Why does that cause a 5X improvement??!?!
If anyone has any insight into this, I would be eternally grateful.
Thanks,
-Adam
EDIT 8.1.14
Based on @ulkas's suggestion, I tried simplifying the query.
The results were:
START u=node(553314), u2=node:userLocations("withinDistance:[38.89037,-77.03196,80.467]")
OPTIONAL MATCH pMutualArtists=(u:User)-[ar1:LISTENS_TO]->(a:Artist)<-[ar2:LISTENS_TO]-(u2:User)
RETURN u2.username, COUNT(DISTINCT pMutualArtists) as mutualArtists
ORDER BY mutualArtists DESC
LIMIT 10
~4 seconds
START me=node(553314), other=node:userLocations("withinDistance:[38.89037,-77.03196,80.467]")
OPTIONAL MATCH pMutualArtists=(me:User)-[ar1:LISTENS_TO]->(a:Artist)<-[ar2:LISTENS_TO]-(other:User)
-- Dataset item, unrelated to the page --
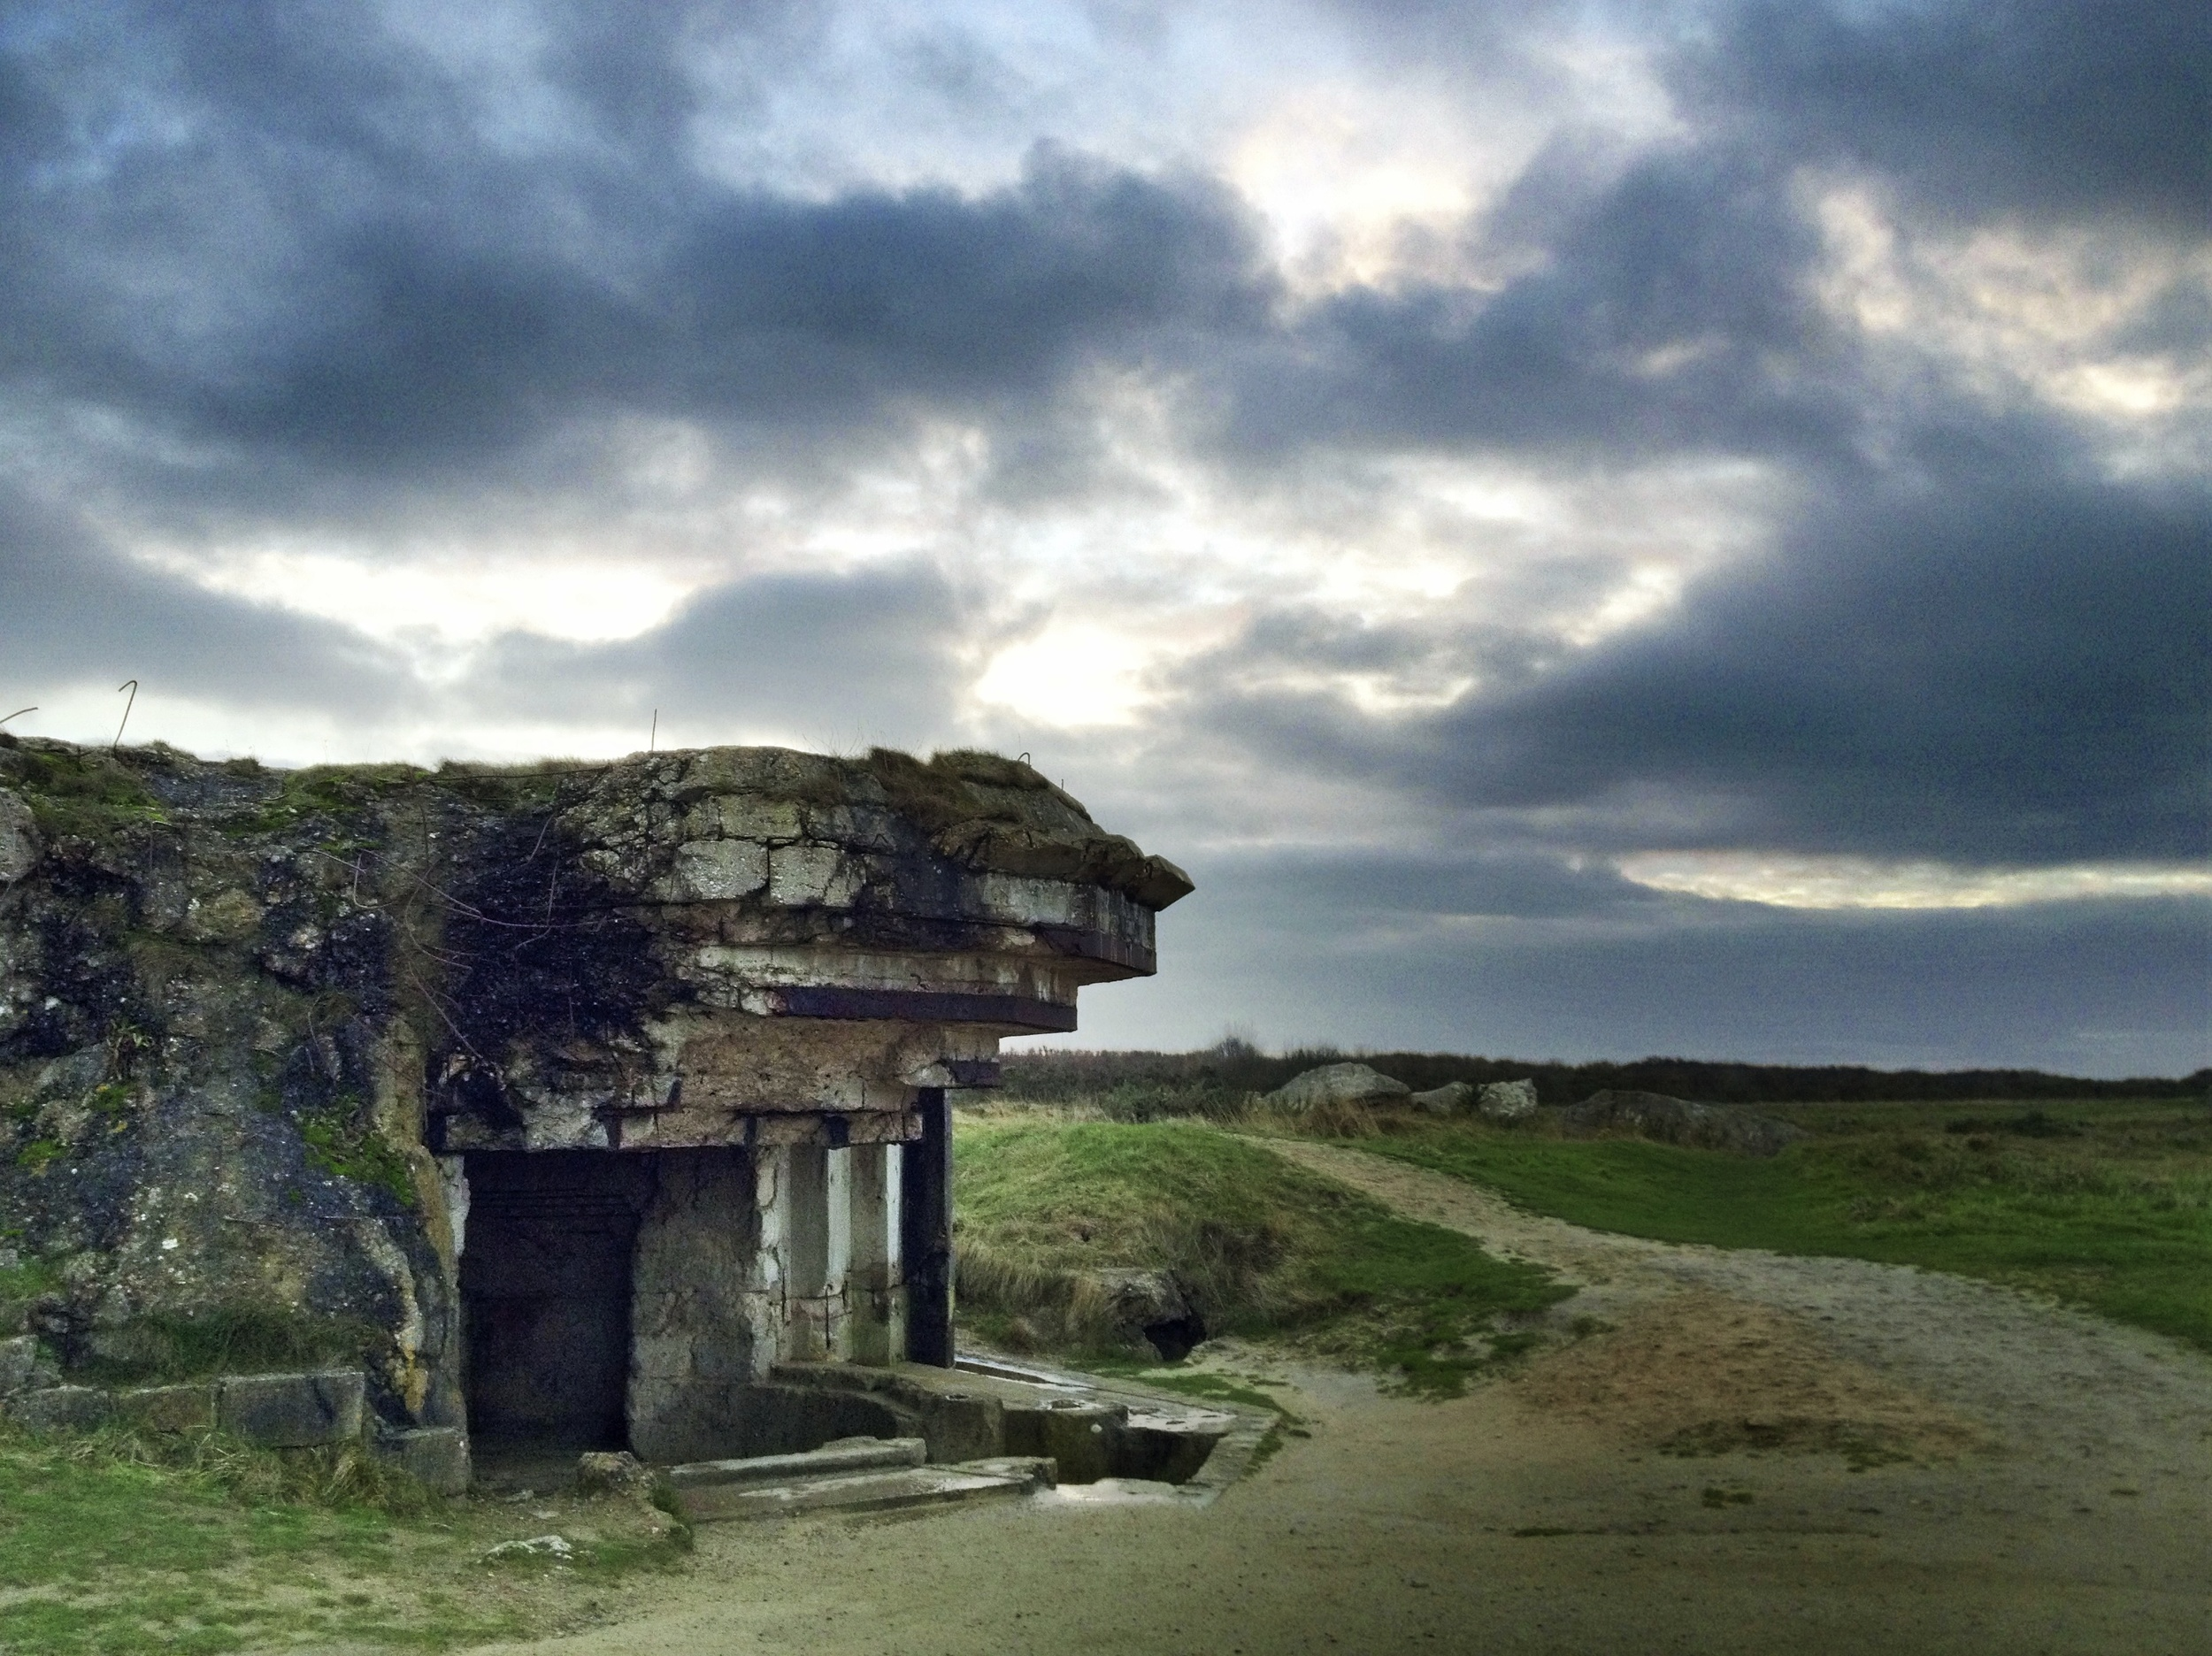 WWII bunker, Point du Hoc

RETURN other.username, COUNT(DISTINCT pMutualArtists) as mutualArtists
ORDER BY mutualArtists DESC
LIMIT 10
~20 seconds
So bizarre. It seems as though literally the named nodes of "other" and "me" cause the query time to jump tremendously. I'm very confused.
Thanks, -Adam